Backed by private equity firm Partners Group, the company calls itself the “largest private provider of high-quality ECE in the United States by center capacity,” with a network of 1,500 learning centers and 900 before- and after-school sites around the country. It says it serves over 200,000 children from six weeks to 12 years of age.
KinderCare has a long and rather convoluted history. It was founded in Montgomery, Alabama, in 1969, grew substantially over the next few decades as more families saw both parents working outside the home. Then, it ran into some financial trouble and filed for Chapter 11 bankruptcy protection in 1992.
KinderCare went through a series of business transformations in the 2010s under then-CEO Tom Wyatt, who recently handed the reins to current CEO Paul Thompson. Partners Group, its largest shareholder, took control of the company in 2015.
Why does this IPO sound familiar?
KinderCare had attempted to go public in 2021. It ended up postponing the effort later that year due to what it described as “regulatory delays outside of our control.”
Is KinderCare profitable?
Very much so. According to its S-1 filing with the Securities and Exchange Commission (SEC), the company earned net income of $102.6 million on $2.5 billion in revenue during its 2023 fiscal year. Its “same-center” revenue for that year increased by $318.8 million, or almost 16% compared to fiscal 2022. That’s more than you can say for a lot of tech-focused startups that IPO while still operating at a loss.

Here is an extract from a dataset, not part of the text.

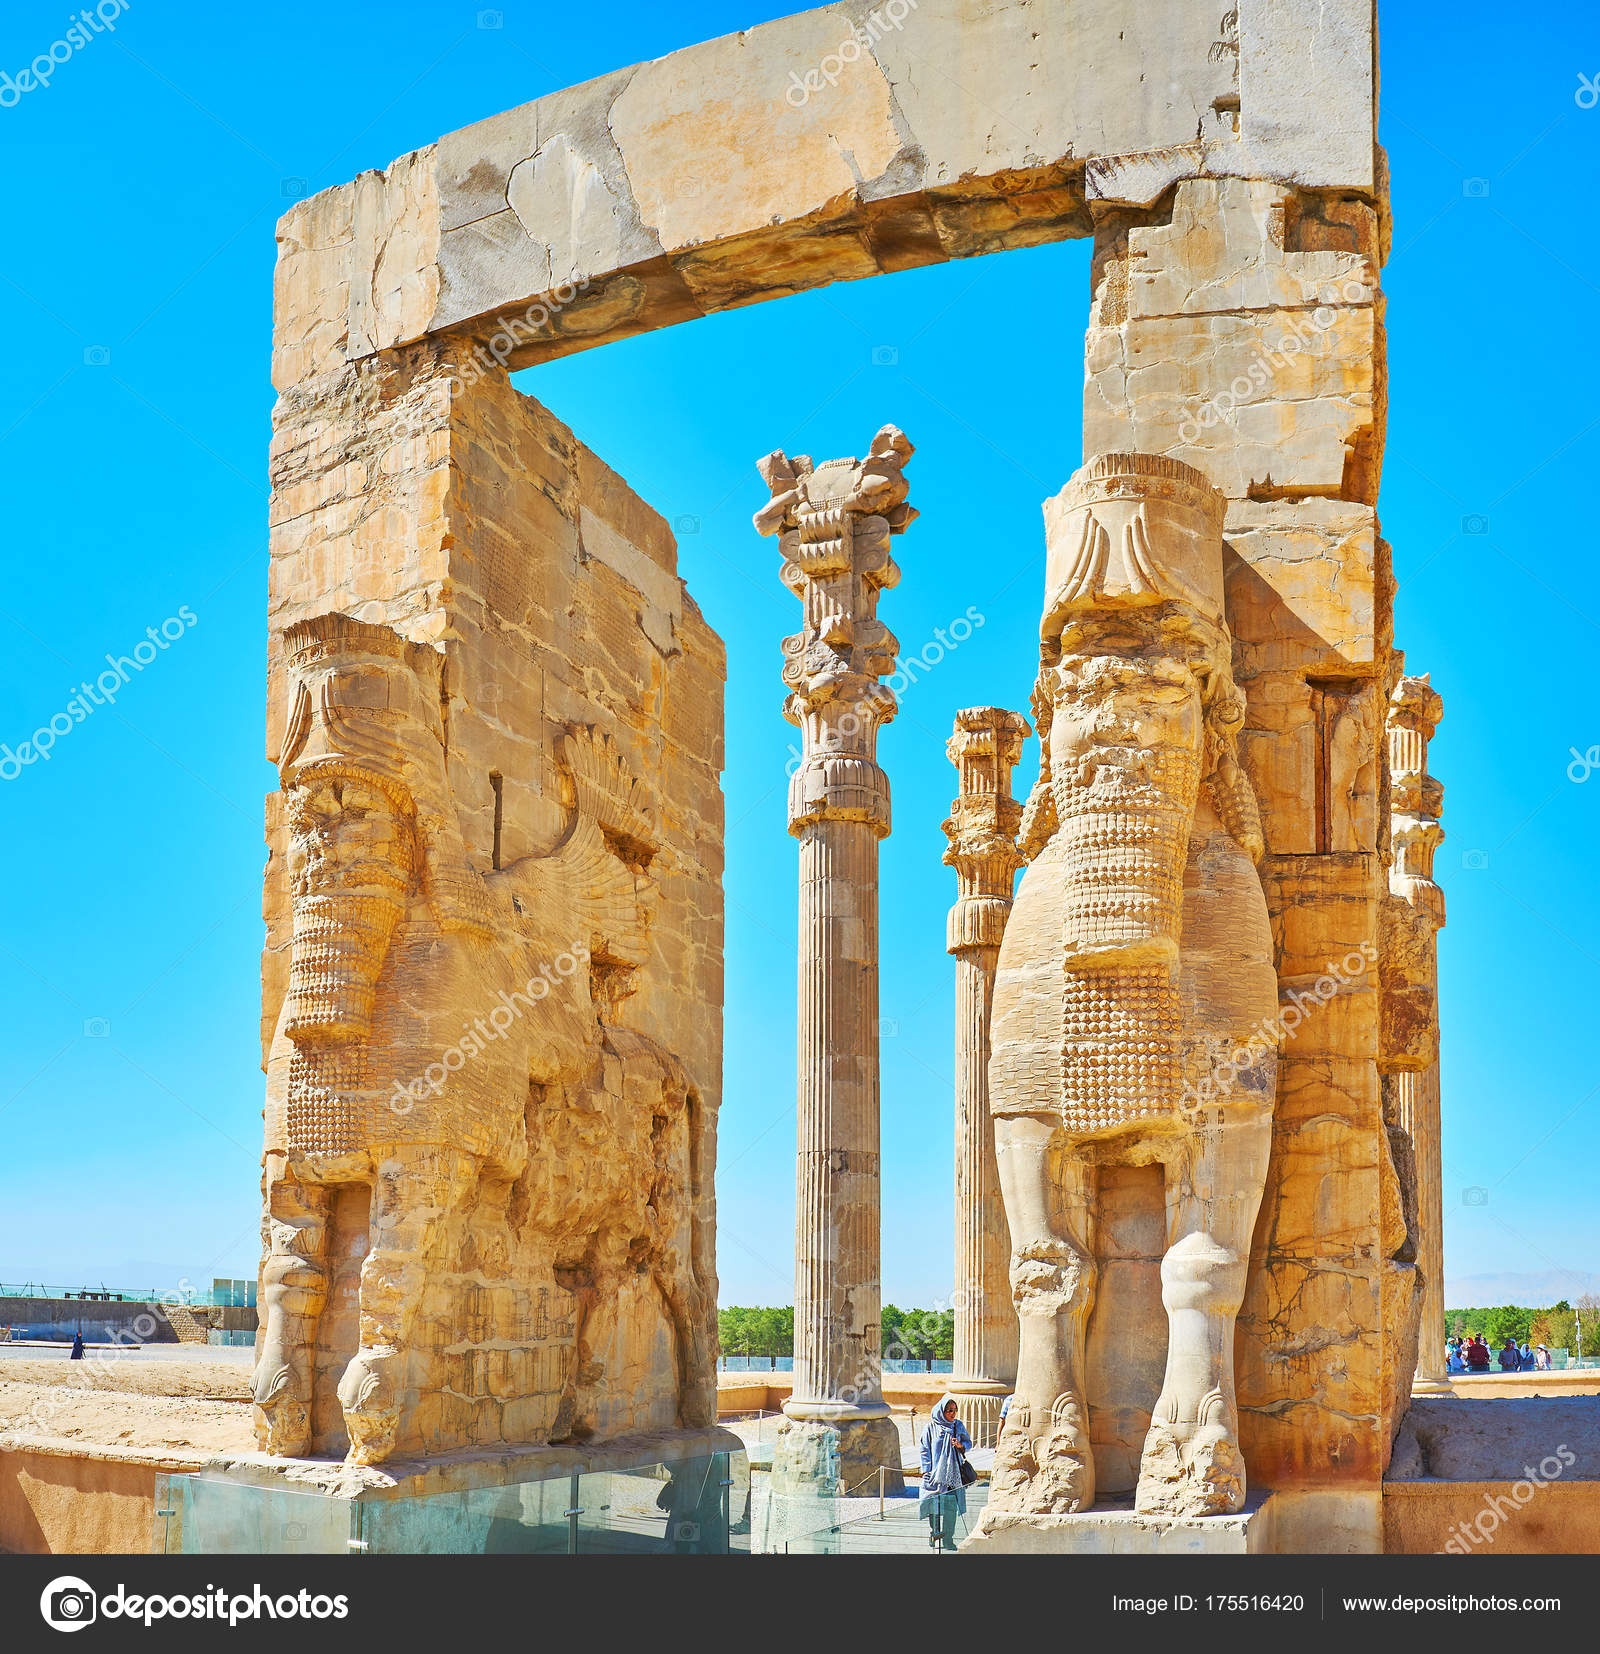 Architecture Of Persepolis Iran Stock Editorial Photo C Efesenko 175516420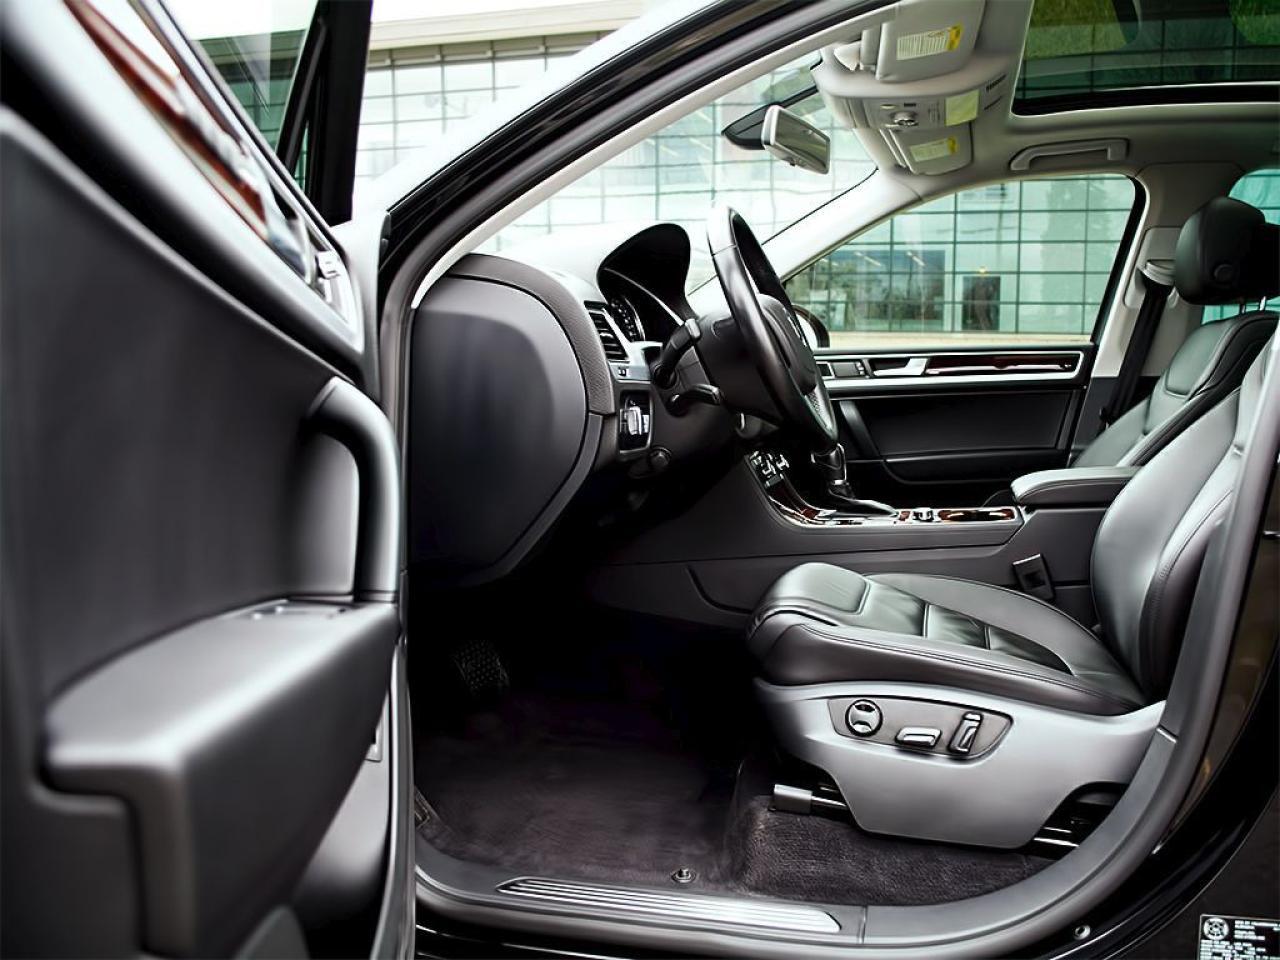 2012 Volkswagen Touareg TDI|EXECLINE|NAVI|PANOROOF|20 inch RIMS

Be warned, though, that KinderCare acknowledges many risks to its business model that could impact its future profitability, including its debt and lease obligations, and future compliance hurdles in the education and childcare sectors, which are heavily regulated.
What else is there to know?
KinderCare’s IPO will test investor appetite for stocks related to childcare and private education services, two sectors that have been growing. One of KinderCare’s competitors, Bright Horizons (NYSE: BFAM), has seen its shares rise more than 48% so far this year. Wall Street will be watching KLC shares closely to see what happens later today when they make their debut.
KinderCare’s IPO is being led by Goldman Sachs & Co., Morgan Stanley, Barclays, and J.P. Morgan.